Reputation: 2674
I'm trying to compute a MFCC algorithm based upon this paper I found (http://arxiv.org/pdf/1003.4083.pdf) so what I have done so far is:
step 1) Pre–emphasis
step 2) Framing
step 3) Hamming windowing
step 4) Fast Fourier Transform
step 5) Mel Filter Bank Processing
step 6) : Discrete Cosine Transform
Basically, I took the Mel Bank filters and multiplied them the actual raw signal. I then performed the FFT on these results this looks like this:
FFT on Frame 1:
And then I computed the DCT of the FFT, which results look like this:
DCT on Frame 1:
Does this look correct so far? Is there even a way for me to check this, so that I know that I am going in the right direction?
Also, I need to get 13 Coefficients but I do not know how to determine which of these to get.
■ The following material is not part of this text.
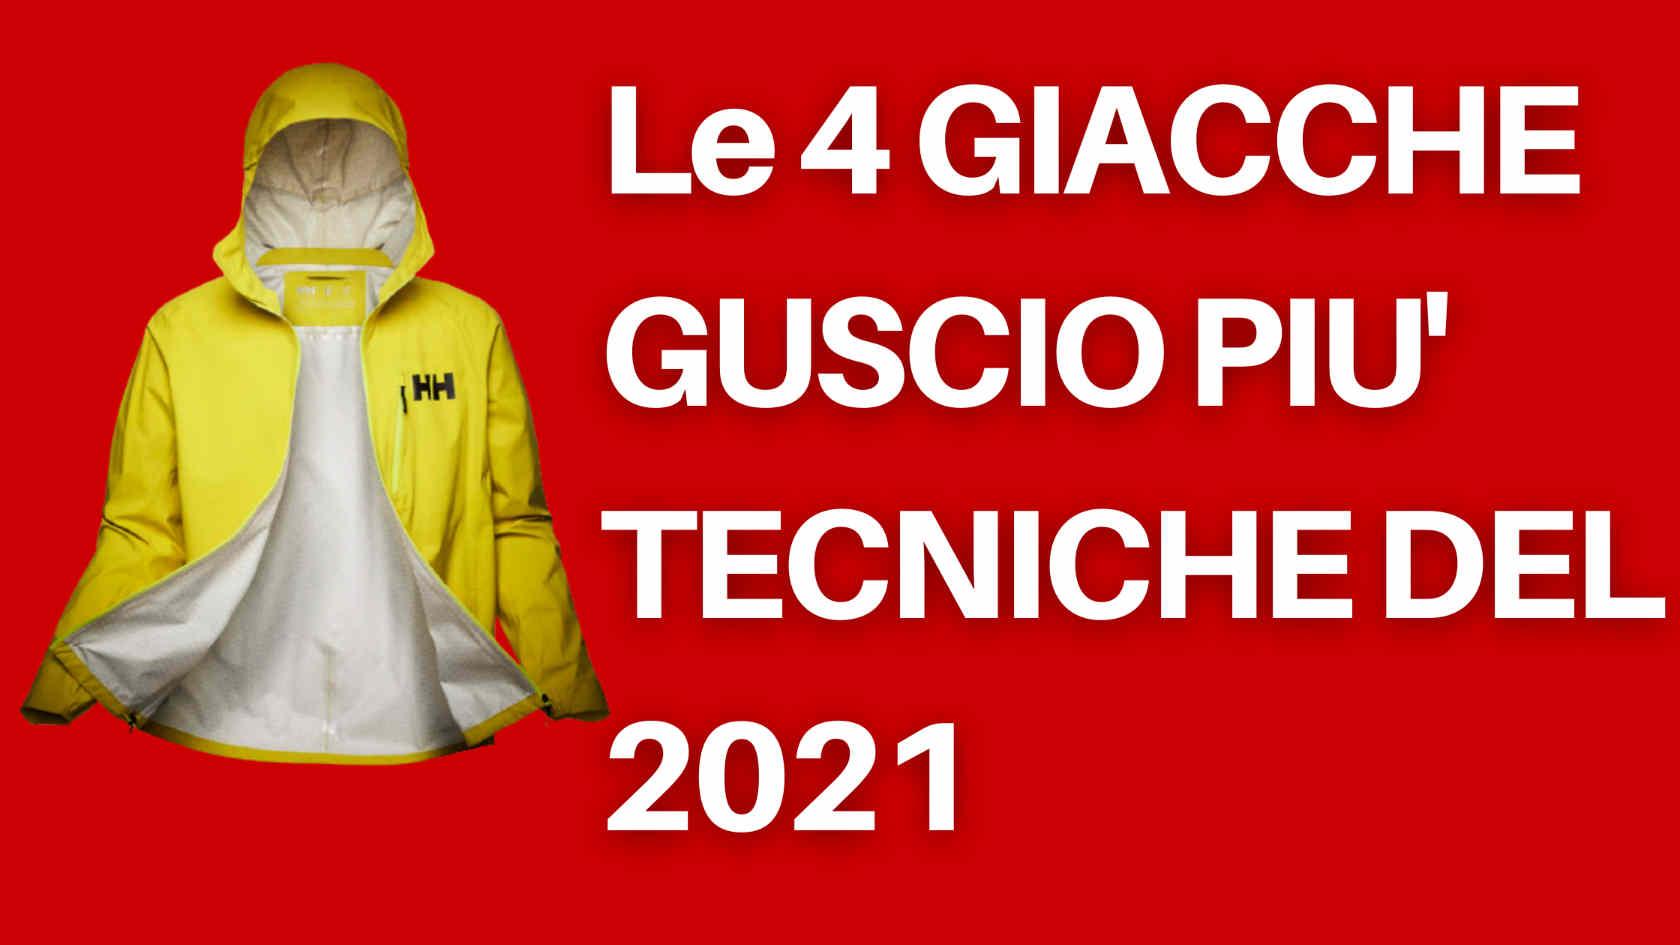 le 4 giacche guscio più tecniche del 2021

I get 256 values, so do I take the first 13 of them? Or, do I get the total energy?
I hope someone can help me.
Upvotes: 1
Views: 12126
Reputation: 6351
I'm confused to what you just wrote. The only thing I need to know is I have split the signal into frames, n = 100, m = 256 (I believe) which produces around 390 blocks, so, is there 13 coefficients for each of the blocks OR just 13 for the entire sound fle?
the answer is that there are 13 coefficients for each block, not for entire sound file.
and your way to calculate mfcc coefficients are wrong, you should follow the 1-6 steps you mentioned.
step 1) Pre–emphasis for the entire sound file.
step 2) Framing the entire sound file to get many blocks
step 3) Hamming windowing for each block
step 4) Fast Fourier Transform for each block
step 5) Mel Filter Bank Processing for each block
step 6) : Discrete Cosine Transform for each block
Upvotes: 4
Reputation: 1377
After days of search for something similar, I stumbled upon a very usefull tutorial of how to get the MFC Coeficients: Mel Frequency Cepstral Coefficient (MFCC) tutorial
(although the thread is old, I hope the answer might help future readers)
Upvotes: 9
Reputation: 25220
No, you are wrong.
You need to compute logarithm of the mel filter bank energies after FFT and only then apply DCT. The number of energies of filterbanks should be about 20 or 40, after DCT you should get 20 or 40 numbers and take first 13.
What you did with FFT is all wrong.
You might want to read some MFCC code instead of doing something from scratch, there are many implementations out there, for example in sphinxbase:
http://cmusphinx.sourceforge.net
Upvotes: 2